● **EXERCISE DIRECTIONS**: What lines in the following entries hold the word "Black"? Copy each one.

● **Saved entries**:
•••

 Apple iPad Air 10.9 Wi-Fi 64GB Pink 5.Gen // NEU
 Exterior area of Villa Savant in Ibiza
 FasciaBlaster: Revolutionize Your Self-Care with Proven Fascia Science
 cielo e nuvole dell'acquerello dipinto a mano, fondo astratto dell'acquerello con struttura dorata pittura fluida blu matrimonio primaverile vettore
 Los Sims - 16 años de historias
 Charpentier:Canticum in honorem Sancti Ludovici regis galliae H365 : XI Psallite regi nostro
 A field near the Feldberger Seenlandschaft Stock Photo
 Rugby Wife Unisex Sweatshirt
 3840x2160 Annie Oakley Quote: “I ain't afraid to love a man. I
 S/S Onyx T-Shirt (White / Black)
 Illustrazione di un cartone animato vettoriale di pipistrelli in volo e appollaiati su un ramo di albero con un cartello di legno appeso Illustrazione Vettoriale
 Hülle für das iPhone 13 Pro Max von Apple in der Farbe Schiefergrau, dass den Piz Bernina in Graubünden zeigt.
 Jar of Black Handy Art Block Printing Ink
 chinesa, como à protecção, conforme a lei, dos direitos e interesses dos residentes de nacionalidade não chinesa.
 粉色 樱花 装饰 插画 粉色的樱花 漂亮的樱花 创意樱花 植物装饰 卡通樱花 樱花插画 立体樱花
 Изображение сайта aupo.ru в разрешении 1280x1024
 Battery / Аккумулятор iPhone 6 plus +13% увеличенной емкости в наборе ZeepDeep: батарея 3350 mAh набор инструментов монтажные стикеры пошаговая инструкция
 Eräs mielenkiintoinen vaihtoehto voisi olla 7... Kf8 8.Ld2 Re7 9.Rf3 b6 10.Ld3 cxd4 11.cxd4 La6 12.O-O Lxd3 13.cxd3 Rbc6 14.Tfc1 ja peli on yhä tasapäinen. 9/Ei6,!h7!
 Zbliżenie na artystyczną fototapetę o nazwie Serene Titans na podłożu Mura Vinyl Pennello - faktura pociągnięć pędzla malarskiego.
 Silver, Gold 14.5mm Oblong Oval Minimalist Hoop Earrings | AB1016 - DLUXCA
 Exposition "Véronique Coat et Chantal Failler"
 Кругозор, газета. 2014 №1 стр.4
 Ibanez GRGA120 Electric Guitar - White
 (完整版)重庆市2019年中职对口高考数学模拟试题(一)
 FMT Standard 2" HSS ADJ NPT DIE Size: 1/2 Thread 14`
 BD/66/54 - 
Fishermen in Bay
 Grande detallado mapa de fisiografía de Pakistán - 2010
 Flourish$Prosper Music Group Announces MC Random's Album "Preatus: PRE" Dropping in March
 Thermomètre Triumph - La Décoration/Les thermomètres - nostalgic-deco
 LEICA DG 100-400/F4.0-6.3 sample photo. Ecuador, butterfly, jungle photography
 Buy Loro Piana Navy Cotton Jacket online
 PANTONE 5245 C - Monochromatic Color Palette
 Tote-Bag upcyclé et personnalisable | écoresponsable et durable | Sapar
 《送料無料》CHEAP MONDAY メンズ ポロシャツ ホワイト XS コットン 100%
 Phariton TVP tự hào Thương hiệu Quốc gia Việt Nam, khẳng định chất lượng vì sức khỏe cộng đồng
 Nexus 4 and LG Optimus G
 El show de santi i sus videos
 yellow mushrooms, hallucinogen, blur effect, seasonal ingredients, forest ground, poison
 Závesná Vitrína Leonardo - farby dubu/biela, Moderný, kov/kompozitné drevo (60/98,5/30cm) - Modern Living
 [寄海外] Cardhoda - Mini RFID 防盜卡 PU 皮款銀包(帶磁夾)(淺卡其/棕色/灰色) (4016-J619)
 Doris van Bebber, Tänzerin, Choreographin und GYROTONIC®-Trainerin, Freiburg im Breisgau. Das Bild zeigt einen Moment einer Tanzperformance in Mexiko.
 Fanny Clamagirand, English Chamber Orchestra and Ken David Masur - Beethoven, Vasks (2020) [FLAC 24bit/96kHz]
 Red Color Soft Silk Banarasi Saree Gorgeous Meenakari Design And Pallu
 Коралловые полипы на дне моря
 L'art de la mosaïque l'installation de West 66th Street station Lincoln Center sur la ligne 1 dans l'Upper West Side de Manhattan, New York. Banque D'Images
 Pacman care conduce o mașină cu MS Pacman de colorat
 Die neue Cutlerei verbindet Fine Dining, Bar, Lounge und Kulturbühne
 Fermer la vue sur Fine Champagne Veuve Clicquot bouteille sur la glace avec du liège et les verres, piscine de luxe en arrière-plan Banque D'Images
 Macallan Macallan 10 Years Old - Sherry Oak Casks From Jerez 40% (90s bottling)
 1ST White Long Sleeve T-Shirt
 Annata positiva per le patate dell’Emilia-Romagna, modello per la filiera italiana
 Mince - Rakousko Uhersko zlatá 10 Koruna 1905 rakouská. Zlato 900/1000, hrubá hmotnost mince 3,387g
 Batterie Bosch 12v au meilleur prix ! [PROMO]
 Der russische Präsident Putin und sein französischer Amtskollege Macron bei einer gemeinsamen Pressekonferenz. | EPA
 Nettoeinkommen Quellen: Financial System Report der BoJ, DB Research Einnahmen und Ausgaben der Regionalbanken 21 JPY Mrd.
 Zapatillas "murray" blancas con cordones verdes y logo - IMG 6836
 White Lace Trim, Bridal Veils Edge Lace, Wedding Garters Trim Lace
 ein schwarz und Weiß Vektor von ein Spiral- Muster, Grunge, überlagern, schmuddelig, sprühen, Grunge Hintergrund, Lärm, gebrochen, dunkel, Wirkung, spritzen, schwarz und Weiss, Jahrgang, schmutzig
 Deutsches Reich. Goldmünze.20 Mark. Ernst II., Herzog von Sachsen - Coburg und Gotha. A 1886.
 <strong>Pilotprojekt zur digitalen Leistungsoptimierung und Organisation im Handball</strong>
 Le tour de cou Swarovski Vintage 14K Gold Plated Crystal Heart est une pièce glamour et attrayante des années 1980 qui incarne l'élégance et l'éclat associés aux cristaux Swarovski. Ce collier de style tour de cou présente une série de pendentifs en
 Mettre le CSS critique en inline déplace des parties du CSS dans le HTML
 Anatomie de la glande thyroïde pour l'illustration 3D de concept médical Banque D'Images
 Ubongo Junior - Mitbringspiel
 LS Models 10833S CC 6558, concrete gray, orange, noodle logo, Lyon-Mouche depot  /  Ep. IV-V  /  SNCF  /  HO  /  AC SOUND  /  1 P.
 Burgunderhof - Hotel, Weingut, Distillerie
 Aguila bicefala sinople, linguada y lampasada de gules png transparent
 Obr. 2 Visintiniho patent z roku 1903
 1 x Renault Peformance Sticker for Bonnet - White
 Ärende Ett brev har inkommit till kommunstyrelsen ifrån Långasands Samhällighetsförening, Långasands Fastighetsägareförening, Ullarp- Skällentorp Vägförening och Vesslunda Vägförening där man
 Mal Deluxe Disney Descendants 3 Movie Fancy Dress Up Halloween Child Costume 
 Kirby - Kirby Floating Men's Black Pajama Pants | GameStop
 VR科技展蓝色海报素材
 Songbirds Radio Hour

•••

● **TASK RESPONSE**:
 S/S Onyx T-Shirt (White / Black)
 Jar of Black Handy Art Block Printing Ink
 Kirby - Kirby Floating Men's Black Pajama Pants | GameStop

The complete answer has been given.